● **SUPPLIED DATA**
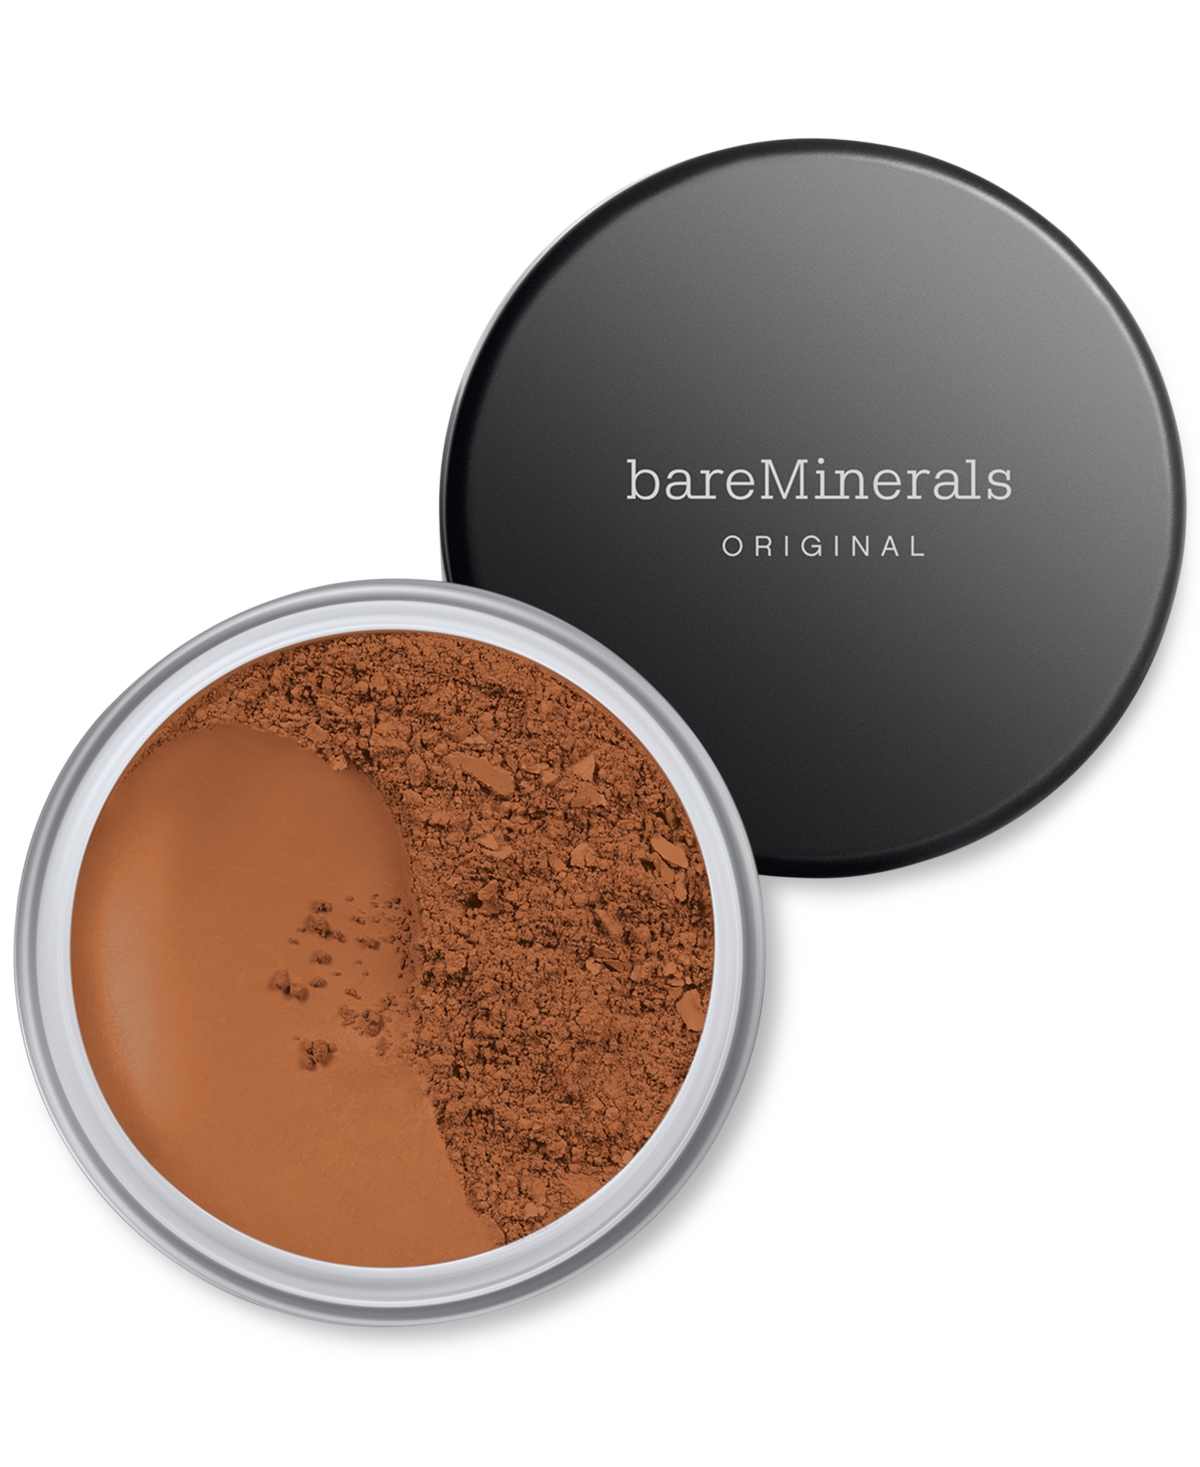 Bareminerals Original Loose Powder Foundation Spf 15 In Warm Deep  - For Dark To Deep Skin With
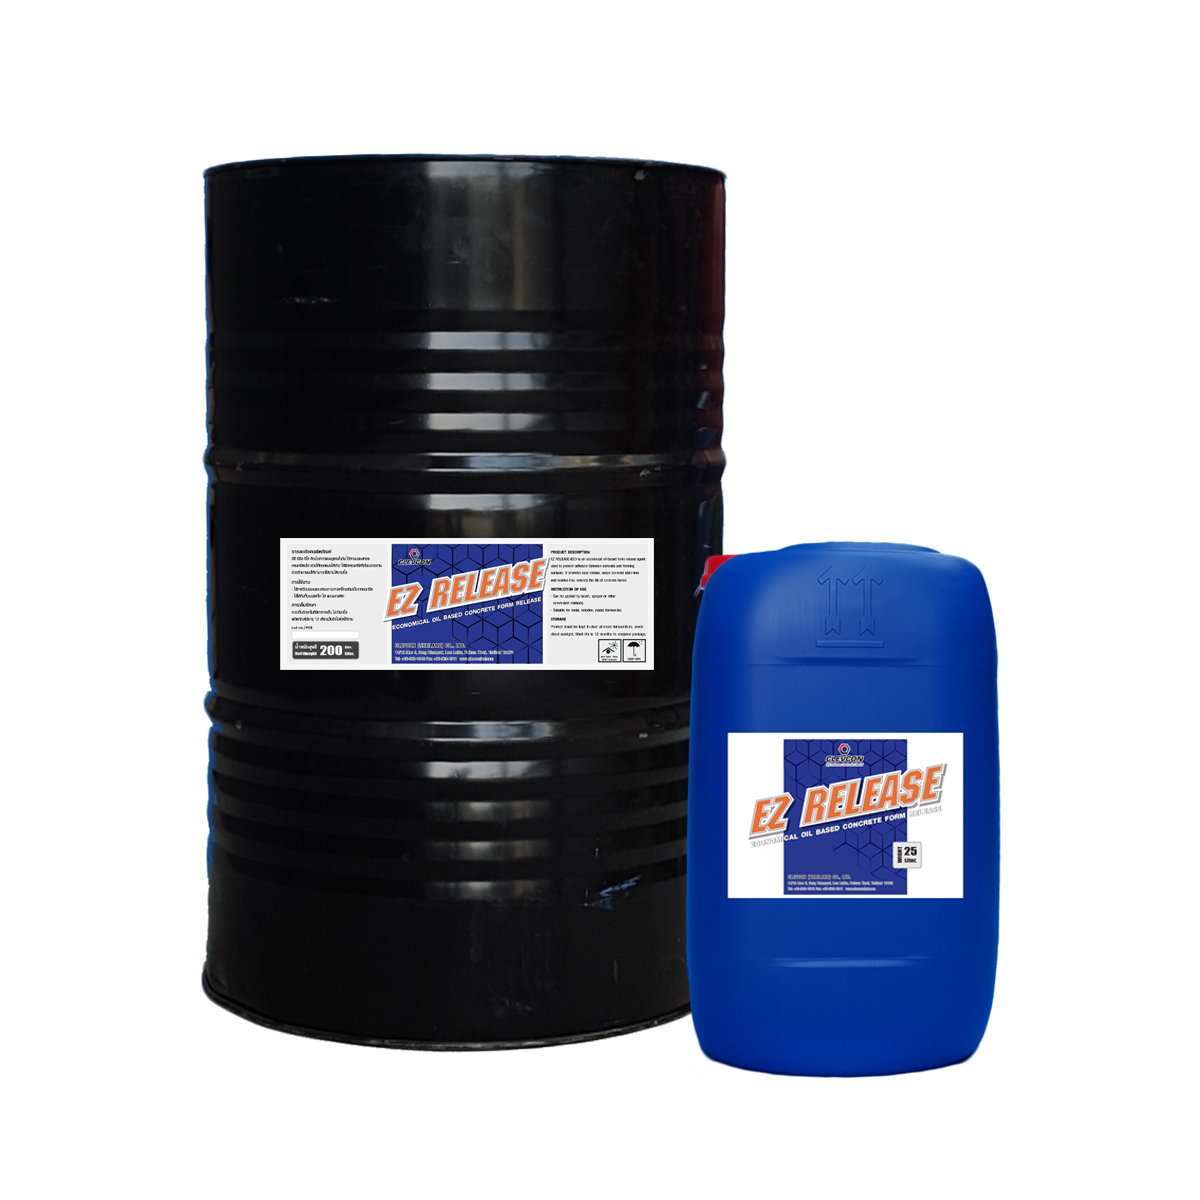 EZ RELEASE Oil Based Concrete Form Release Agent น้ำยาทาแบบสูตรน้ำมัน
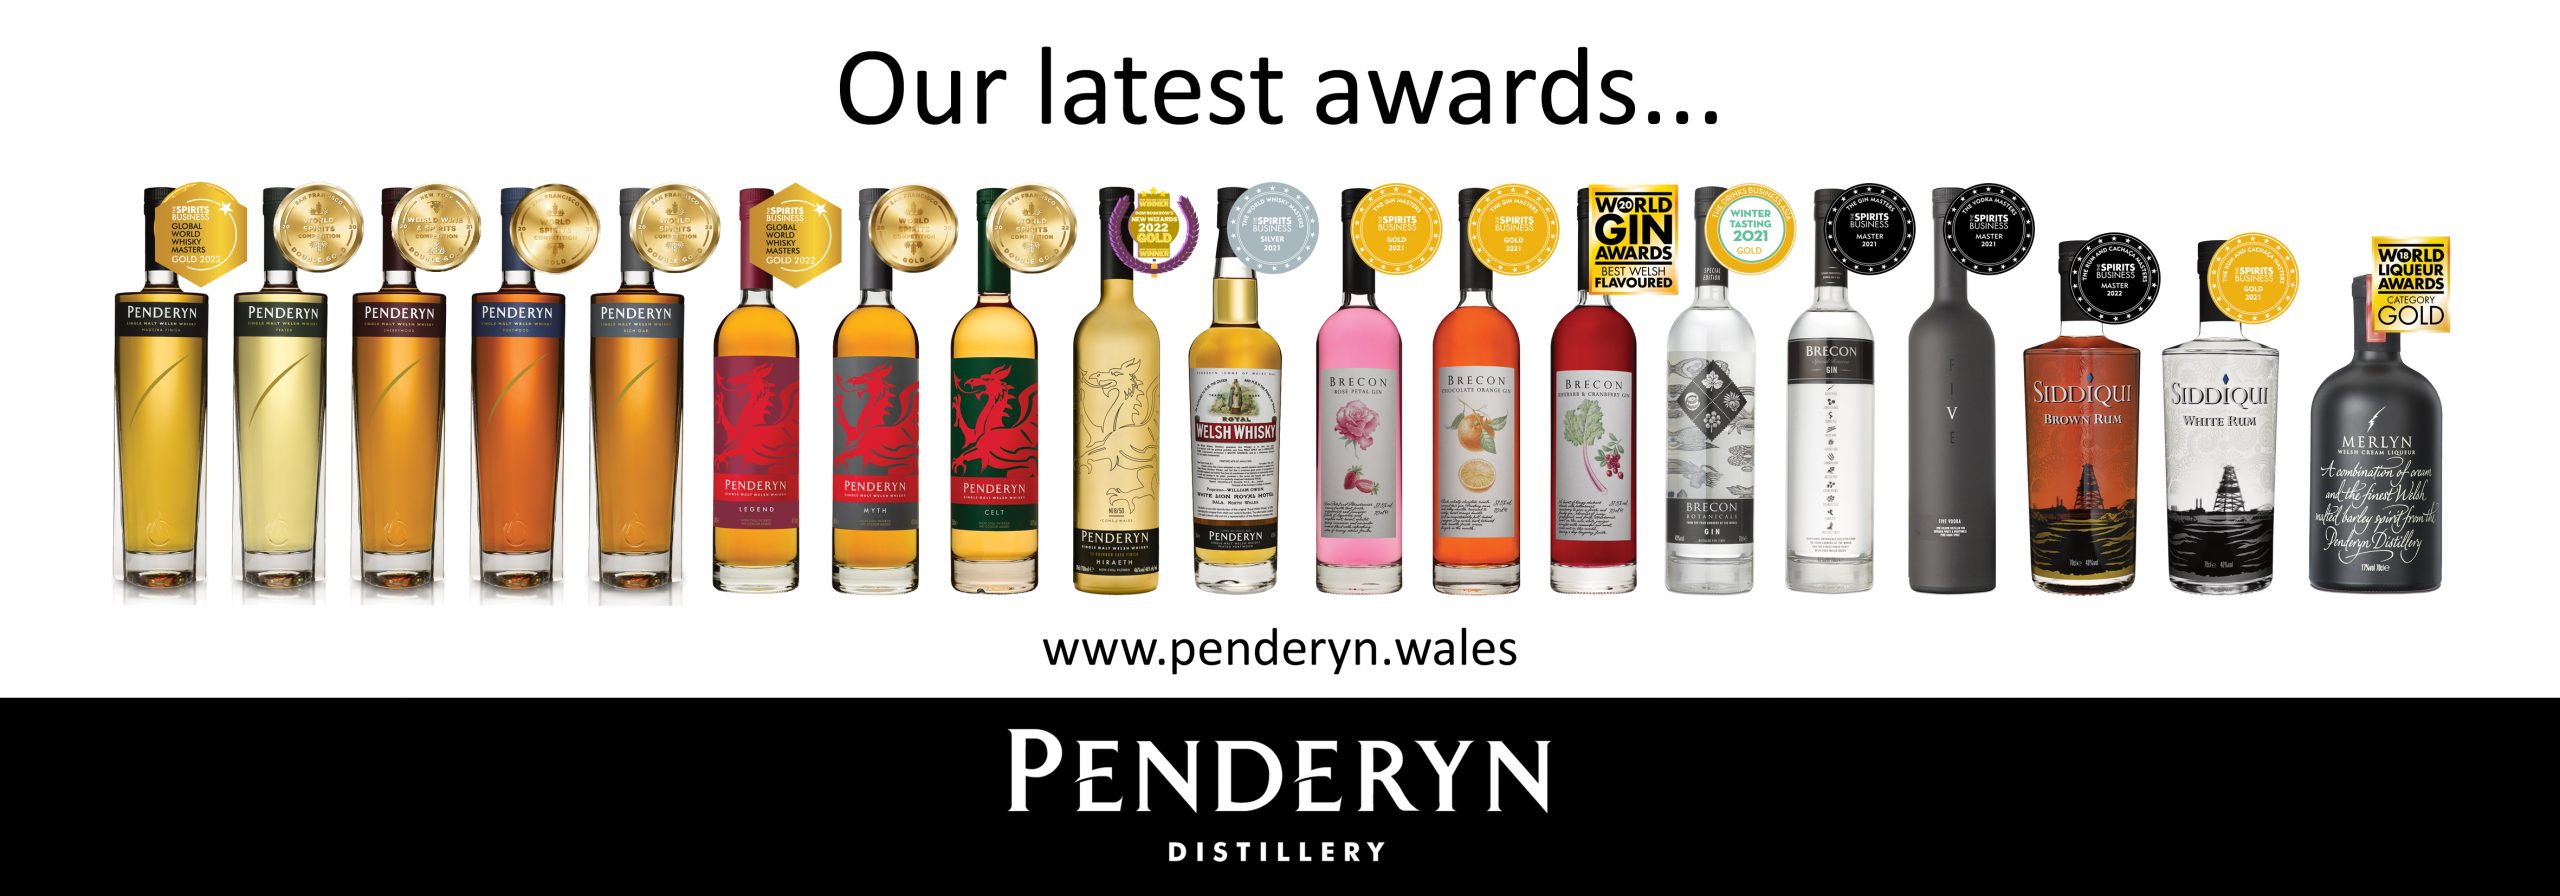 Penderyn Latest Awards
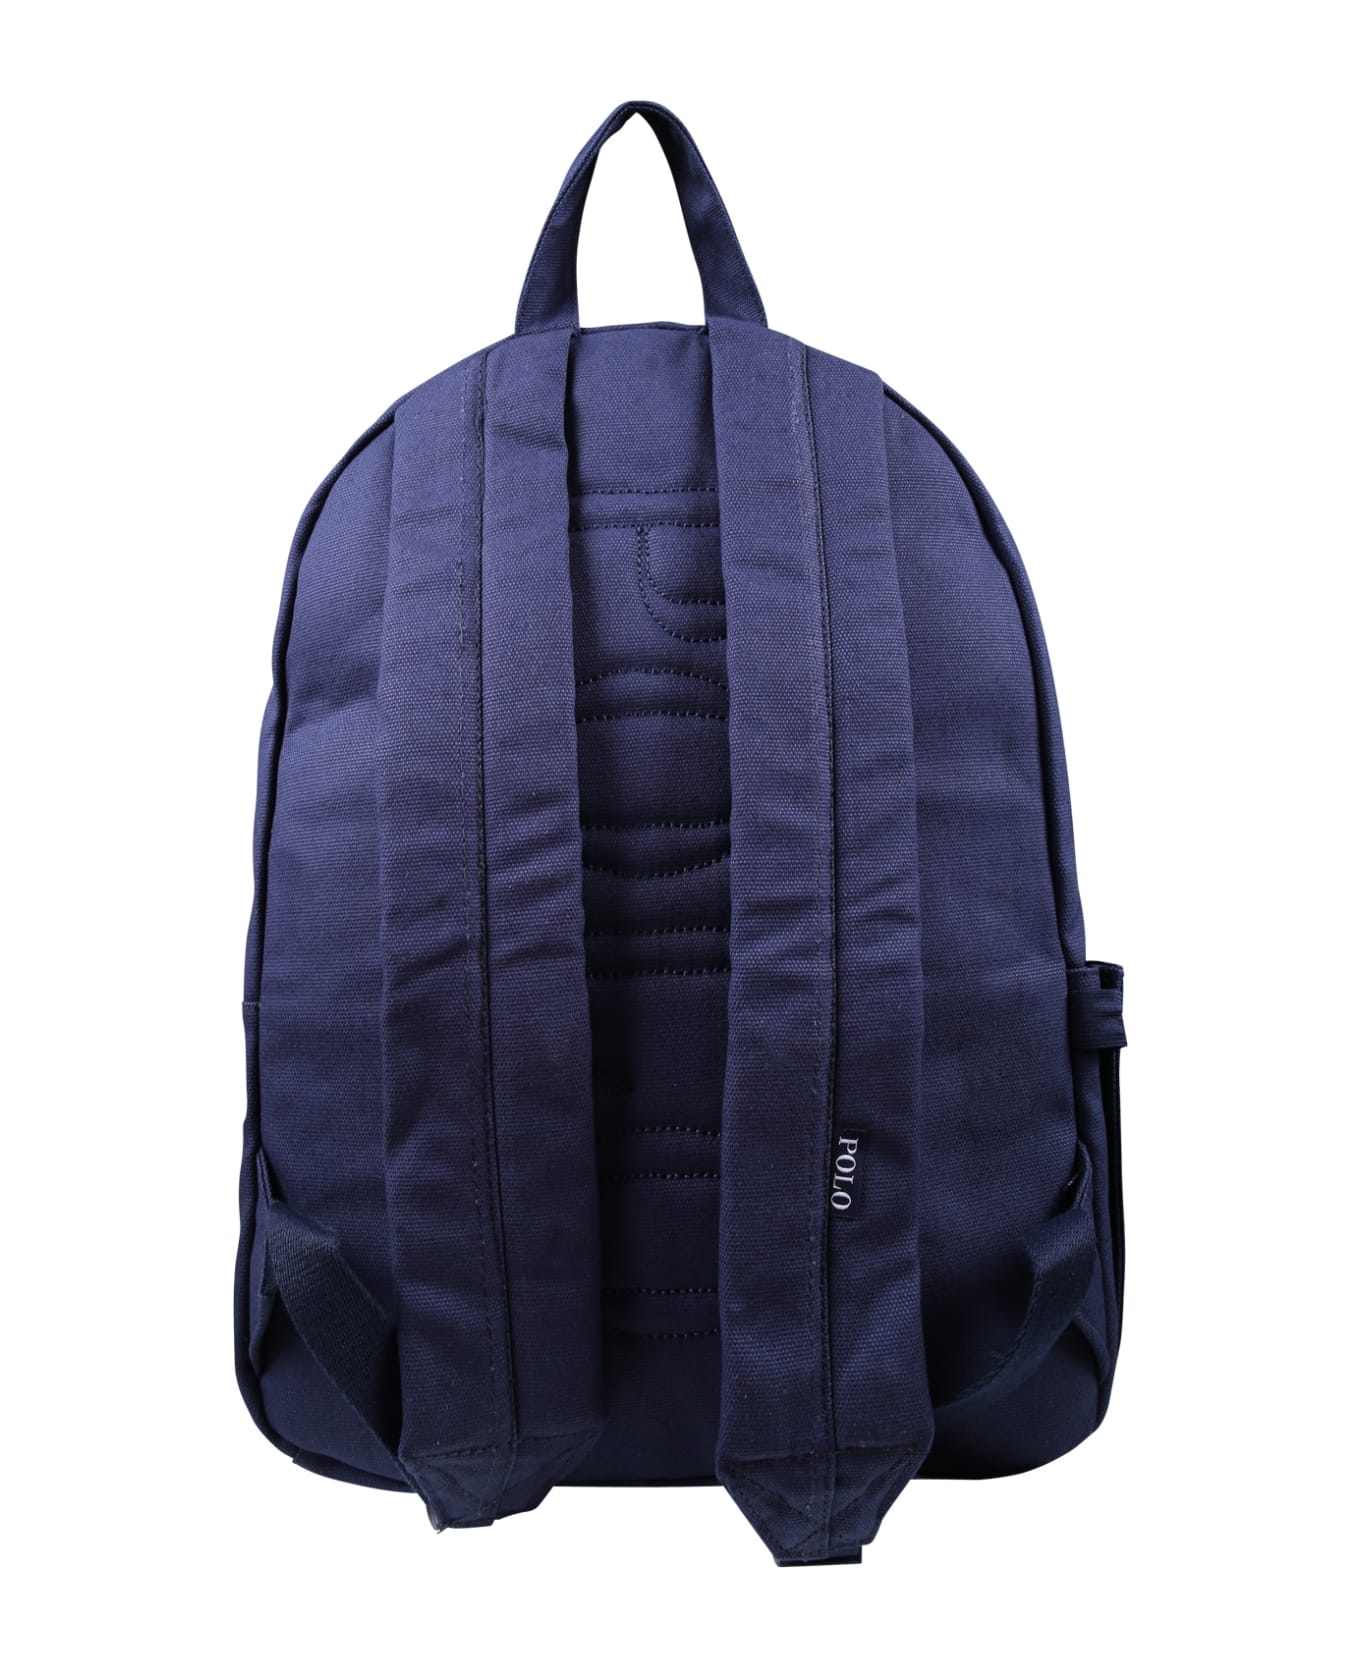 Ralph Lauren Blue Backpack For Kids With Logo - Blue

● **WORK ITEM**
Every line above should be retyped exactly; the pictures do not belong in the copy.

● **ANSWER SECTION**
 Bareminerals Original Loose Powder Foundation Spf 15 In Warm Deep  - For Dark To Deep Skin With
 EZ RELEASE Oil Based Concrete Form Release Agent น้ำยาทาแบบสูตรน้ำมัน
 Penderyn Latest Awards
 Ralph Lauren Blue Backpack For Kids With Logo - Blue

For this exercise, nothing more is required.